Based on our experience and supported by a recently published guideline on CD , we suggest monitoring body weight at diagnosis and nutritional serum parameters; at least vitamin B6, folic acid, B12 and zinc and in any case (25-hydroxy) D of the fat soluble vitamins (due to its connection with presence of osteomalacia). Moreover, we suggest follow-up until serum values are at satisfying levels or upon indication (for instance, if bone density deviations, chronic diarrhoea, or skin lesions are present). Practically, a standard complete multivitamin supplement (100%–300% of RDA) should be considered for every newly diagnosed CD-patient. Continuation time has yet to be determined, since patients are at risk for vitamin deficiencies even after 10 years of a GFD . Evidently, hypervitaminosis should be avoided, in particular regarding pyridoxine and iron [56,57]. It is demonstrated that bone-mineral density and nutritional status can improve after a GFD treatment  as well as that of general well-being, which can improve after vitamin B supplementation in CD-patients on a GFD .

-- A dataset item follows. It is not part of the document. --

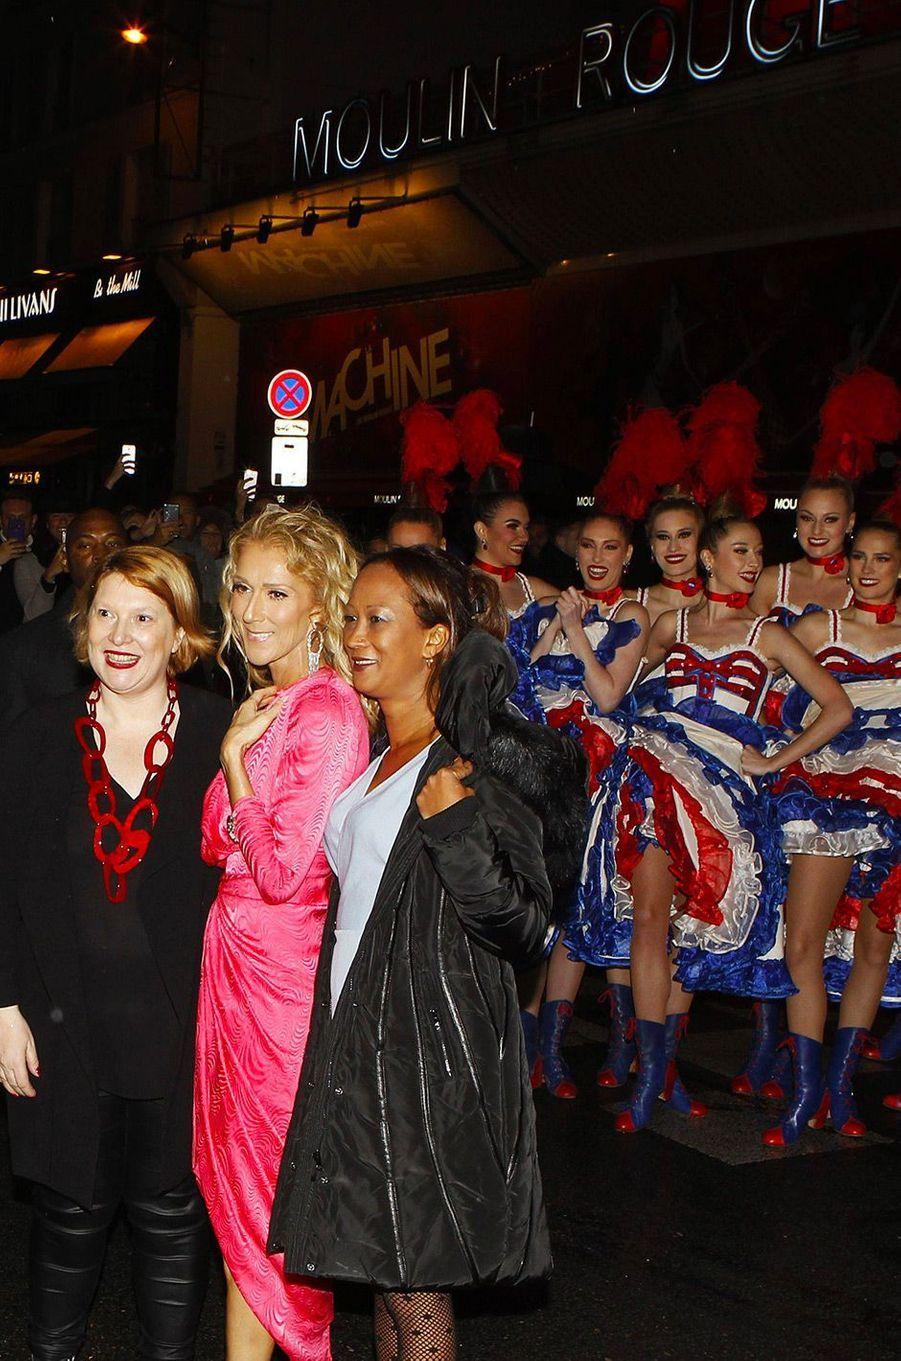 Céline Dion au Moulin Rouge, jeudi 24 janvier
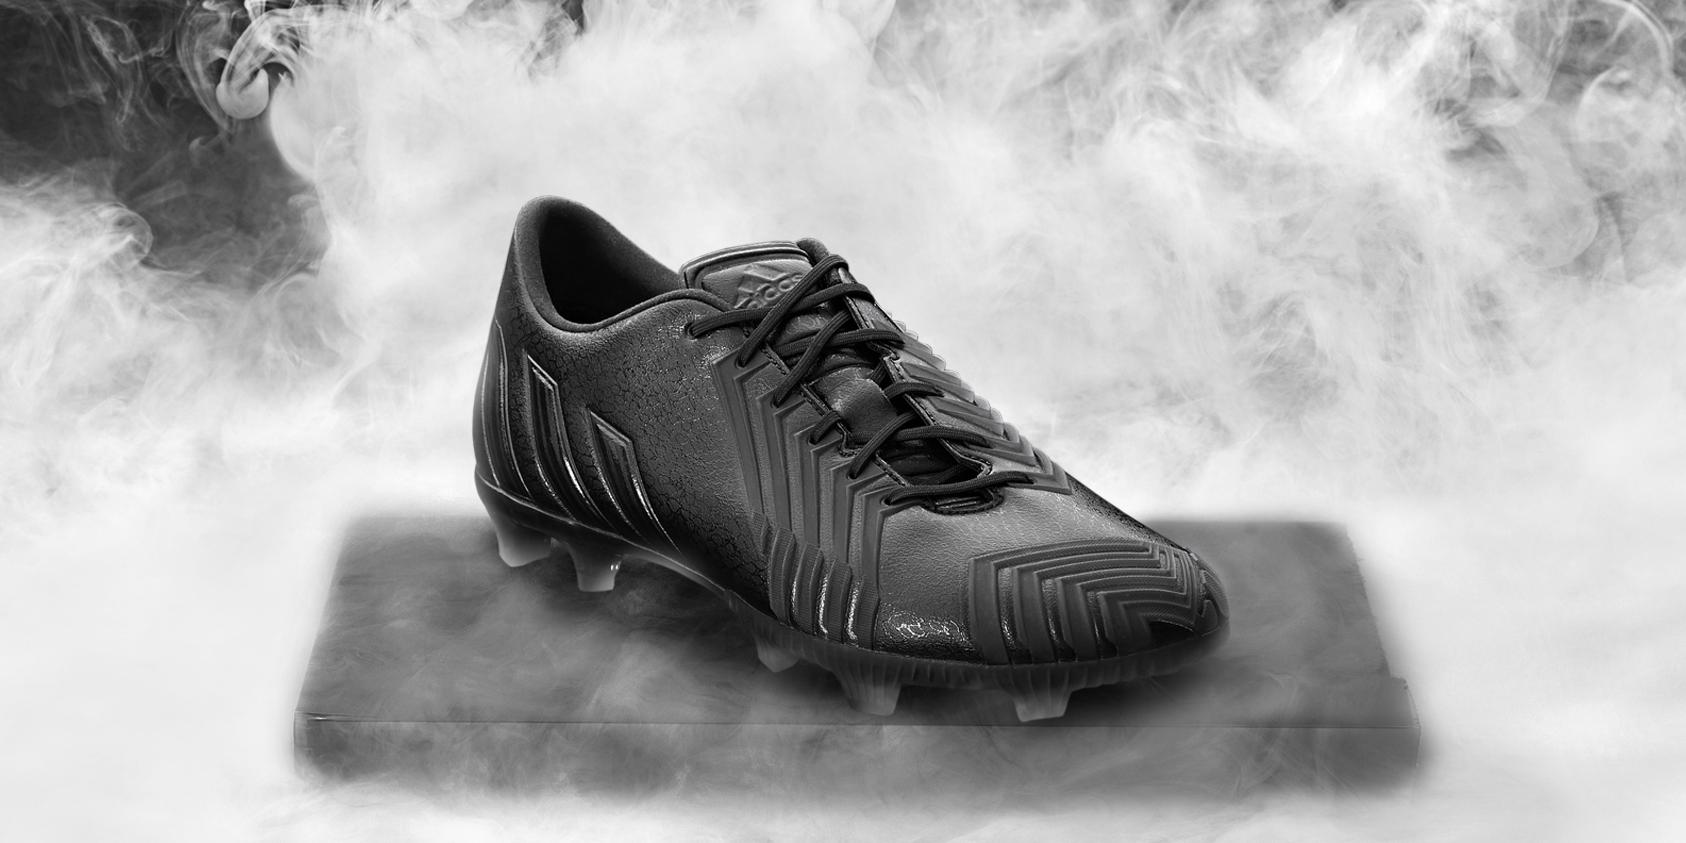 Adidas_Football_B&W_Predator_Black_Hero_04

In conclusion, deficiencies of vitamins or minerals are frequently observed in untreated adult Dutch CD-patients using a Western diet, although they are currently diagnosed earlier than in the previous century. This was observed even in obese patients. Almost 90% of the newly diagnosed CD-patients had one or more nutritional deficiencies. Malnutrition, expressed as an involuntary weight loss or being underweight, was found in 16% and 7.5% of patients, respectively, while overweight status (BMI > 25 kg/m2) was present in almost 30% of the patients. Therefore, these results indicate that extensive nutritional assessment of body weight and serum nutritional parameters should be an integral part of celiac disease treatment to guide nutritional advices and follow-up in CD-treatment by means of an adequately composed individual-based, gluten free diet.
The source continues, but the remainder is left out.